The Three Temptations Of Meta - coderdude
http://w-shadow.com/blog/2010/12/16/the-three-temptations-of-meta/

======
qjz
Not all abstractions are successful (most probably aren't, in fact), but as
long as there are tasks with difficult or tedious low level steps involved,
_meta_ will continue to be an appealing goal.

For example, television aggregated locations (such as theaters) into one
place: the viewer's living room. Cable television aggregated antennas to
deliver better picture quality. Streaming video aggregates time-shifting to
allow programs to be truly watched (and paused) on demand.
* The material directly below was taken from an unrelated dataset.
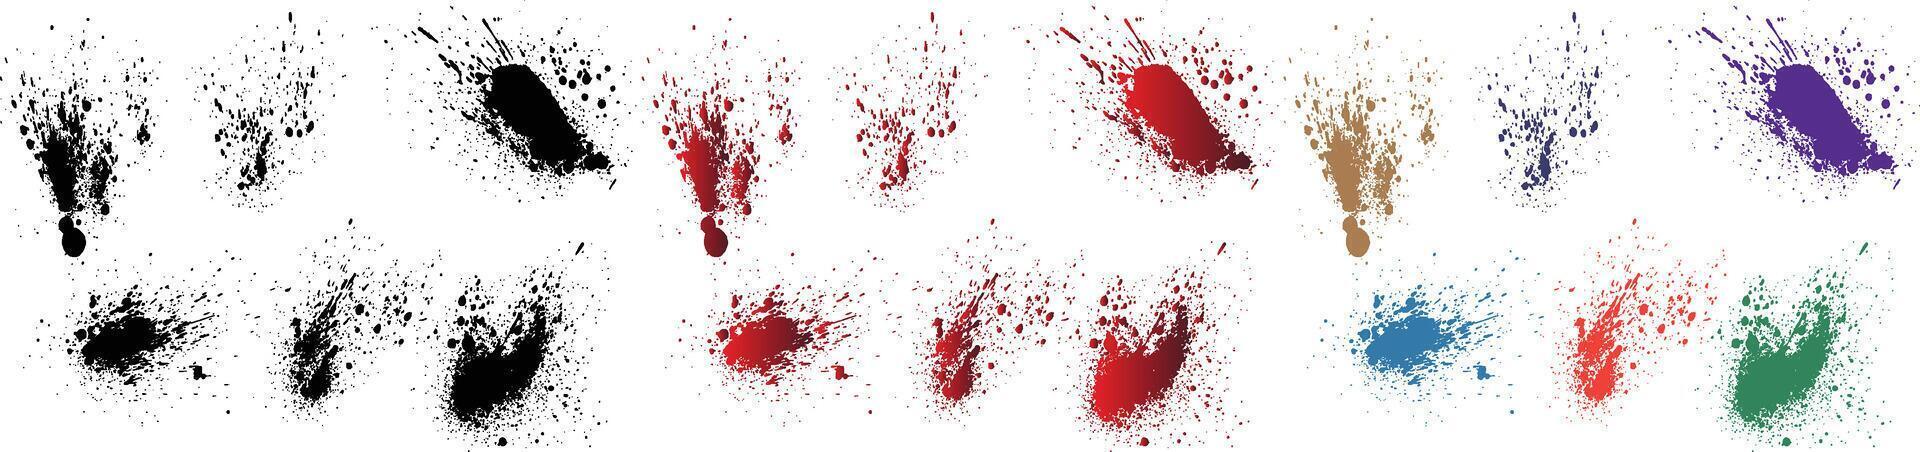 abstrakt Grunge einstellen von lila, orange, Schwarz, Rot, Grün, Weizen Farbe Blut Spritzer Bürste Schlaganfall Hintergrund Banner vektor

We're seeing the same thing with mobile apps, many of which aggregate browser
clicks (Gmail app, YouTube app, etc.).

If you look around, you'll see endless examples of popular abstractions. It's
not an issue of how many there are, but which ones will win over the others.

------
dholowiski
Some good things have come from meta tools. I would say that a search engine
(index the Internet and make it searchable) is very meta, but it seems to be
working well for google. How about group buying... All you're doing is
aggregating buyers and sellers. Seems to work well for groupon and all their
clones.

I don't see a problem with building a meta tool, or a meta meta tool. It sure
beats sitting around and watching tv- thats not... Anything. Go build
something useless, I give you permission. It worked out well for Larry and
Sergey.

------
dkeskar
All software is meta. Even when it is controlling effectors.

------
pasbesoin
I didn't make it all the way to the end (insert irony here), but an initial
reaction is that there's uninformed meta and then there's informed meta.

Or perhaps I should change that to "informing".

A little of either goes a long way. The former, as a sand trap. The latter,
towards insight, efficiency, and pleasure.

I'm suddenly reminded of Larry Wall. Perhaps I might treat "meta" as a
potential offspring of laziness. (E.g. if you don't enjoy repetitive, rote
tasks.)